> Problem:
Omit all images, then repeat exactly the lines below from the one containing "ReadingB.jpg" through the one containing "Mochila G Toy", both ends included.

[[ Data records, beginning ]]

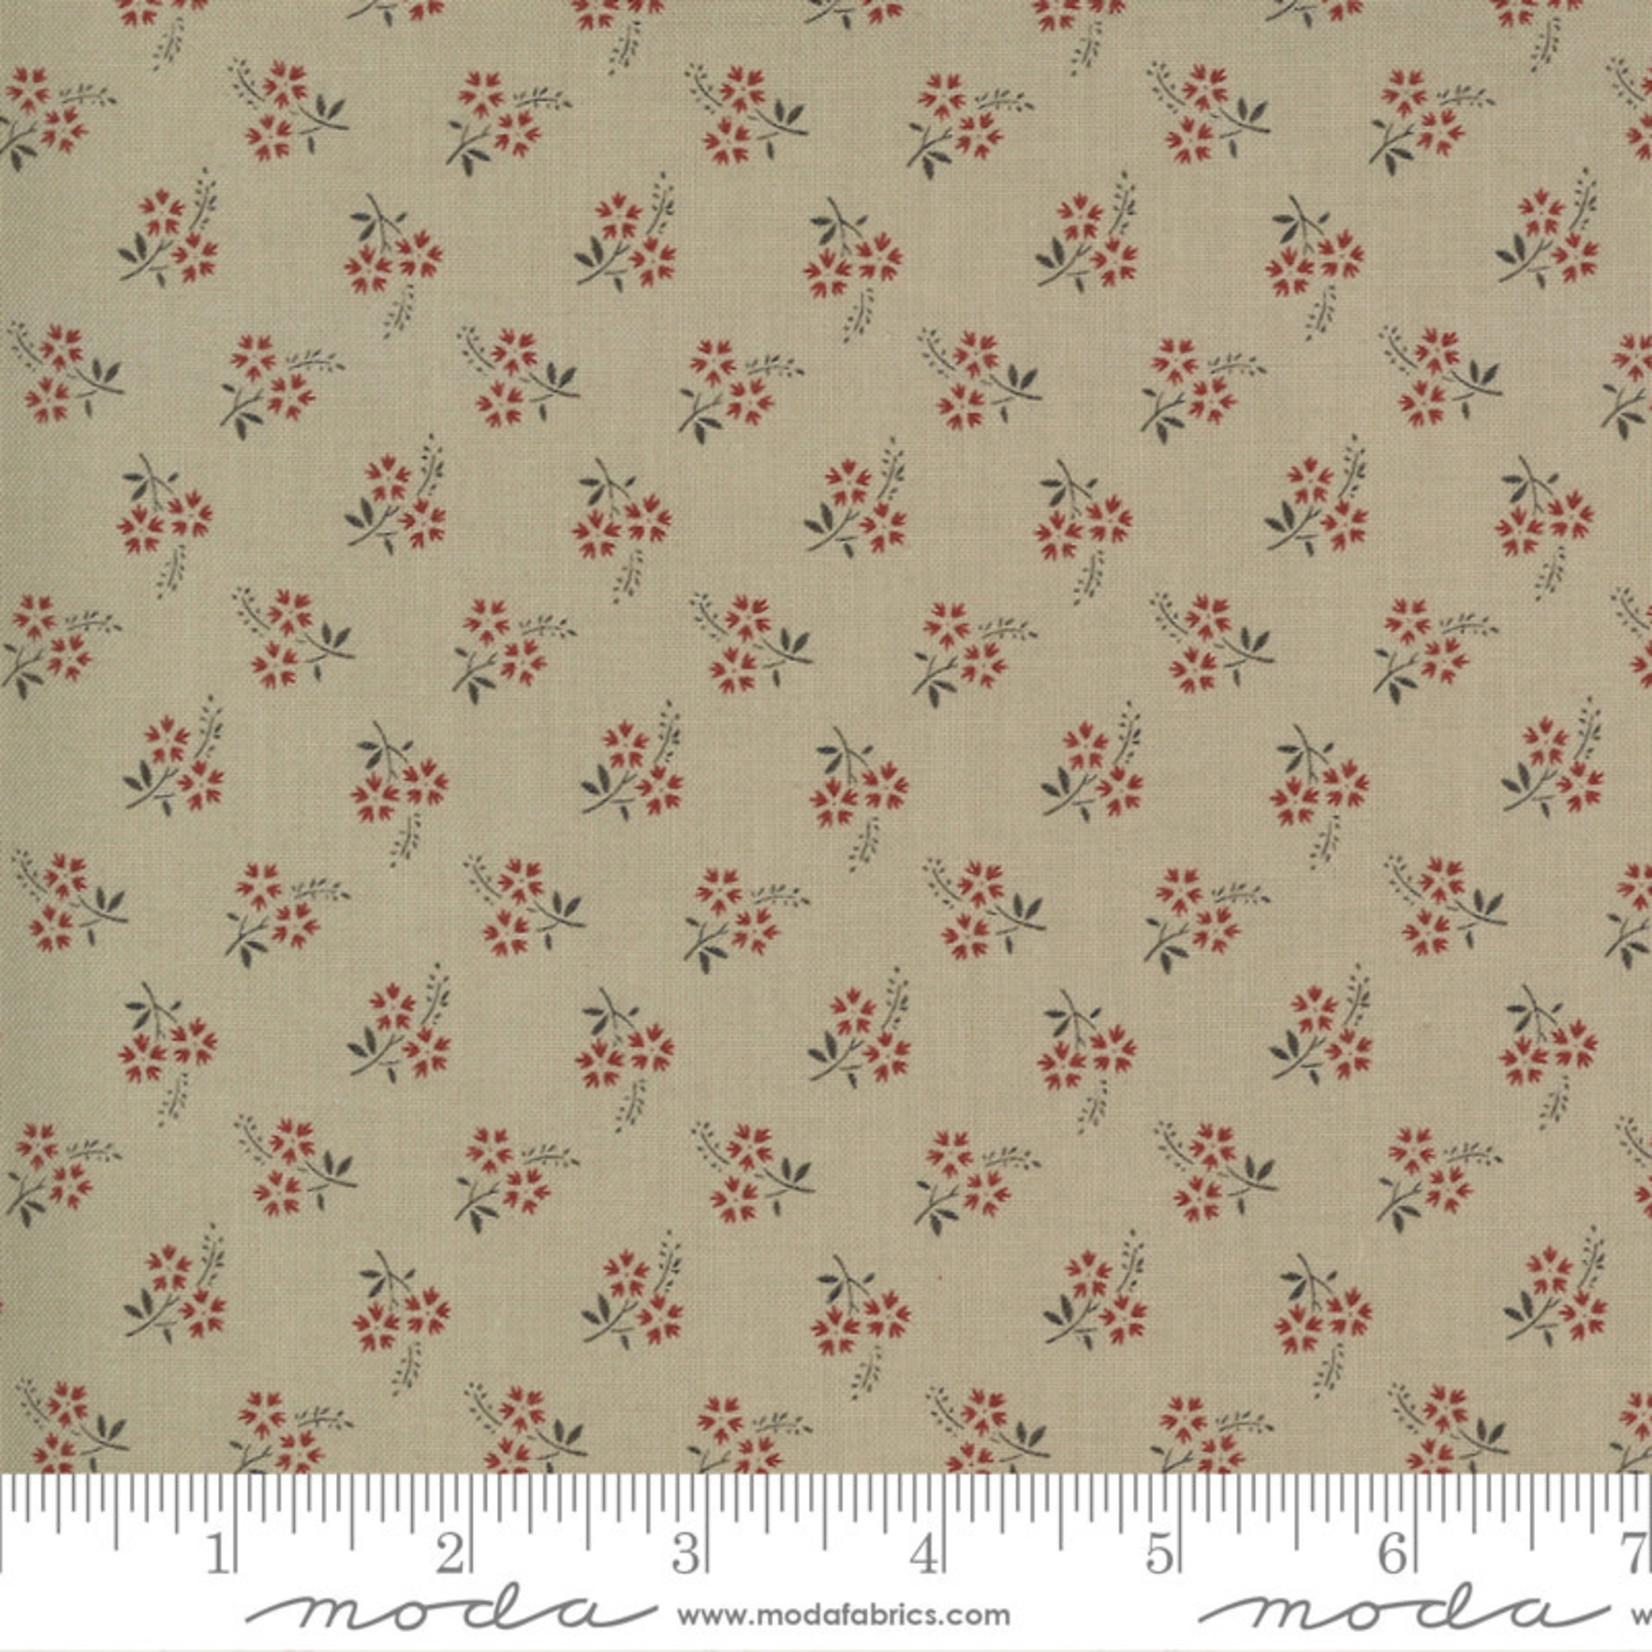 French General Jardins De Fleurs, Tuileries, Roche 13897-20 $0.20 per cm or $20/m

[[ Data records, end ]]
[[ Data records, beginning ]]

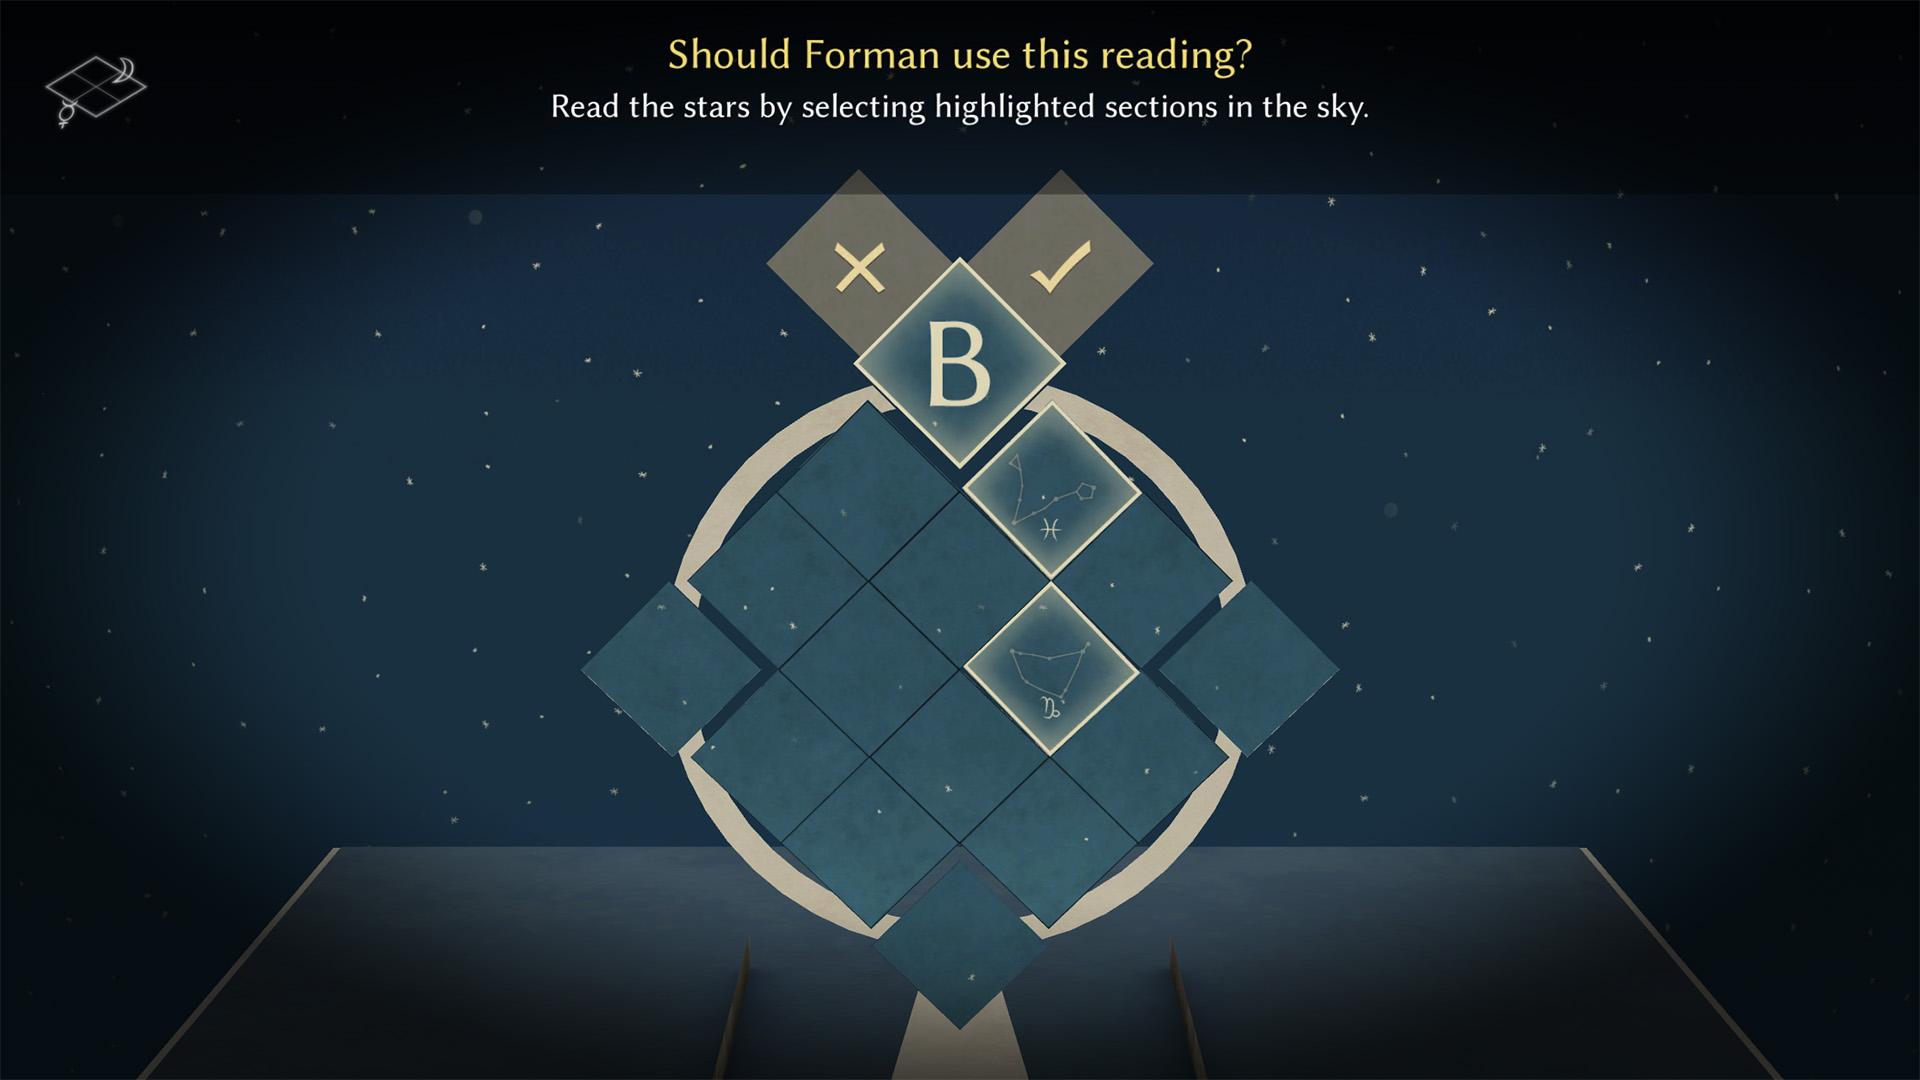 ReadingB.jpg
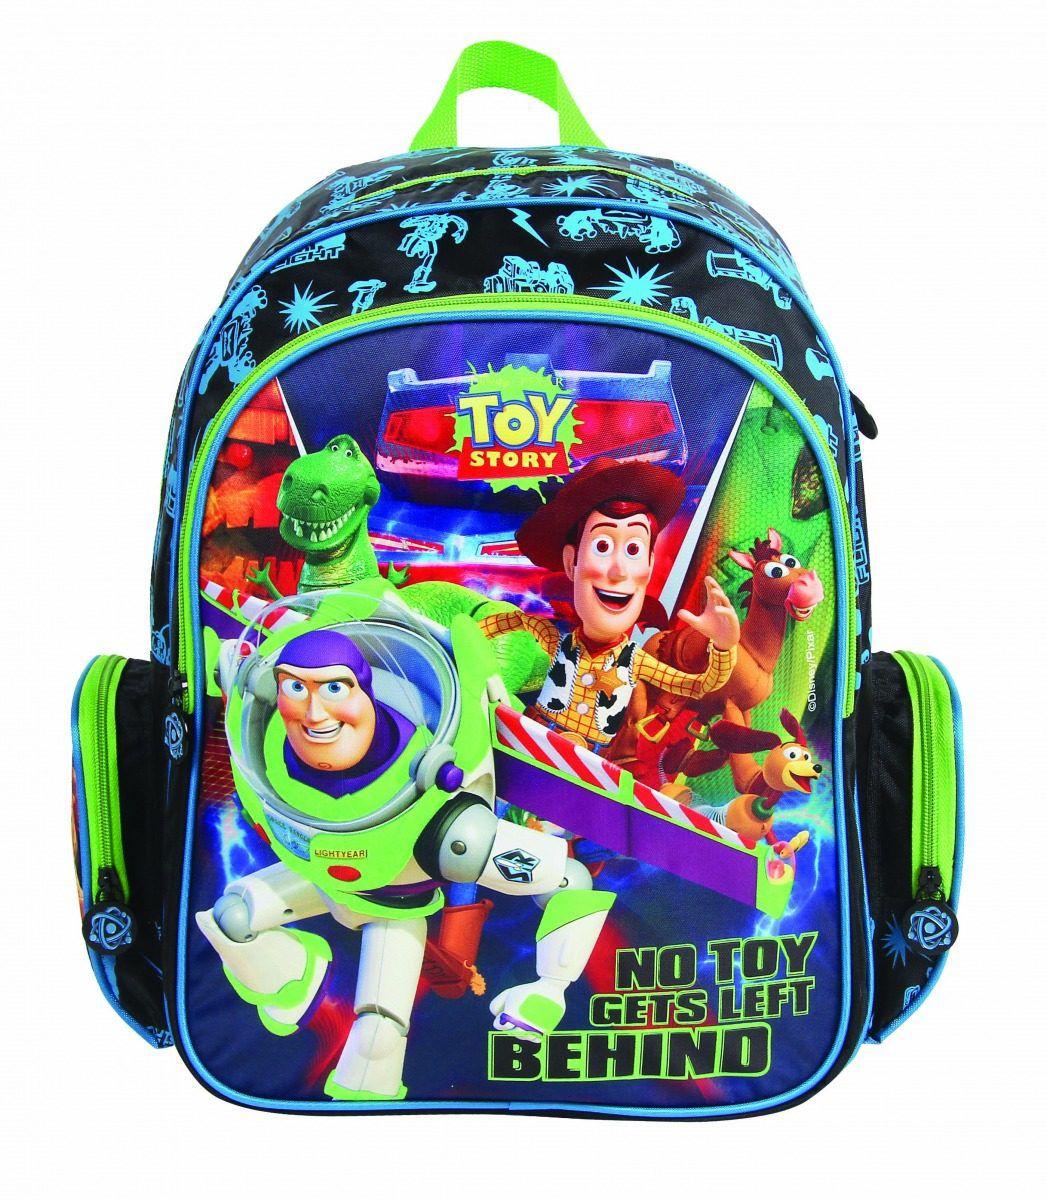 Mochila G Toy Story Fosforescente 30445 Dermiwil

[[ Data records, end ]]

> Completed exercise:
 ReadingB.jpg
 Mochila G Toy Story Fosforescente 30445 Dermiwil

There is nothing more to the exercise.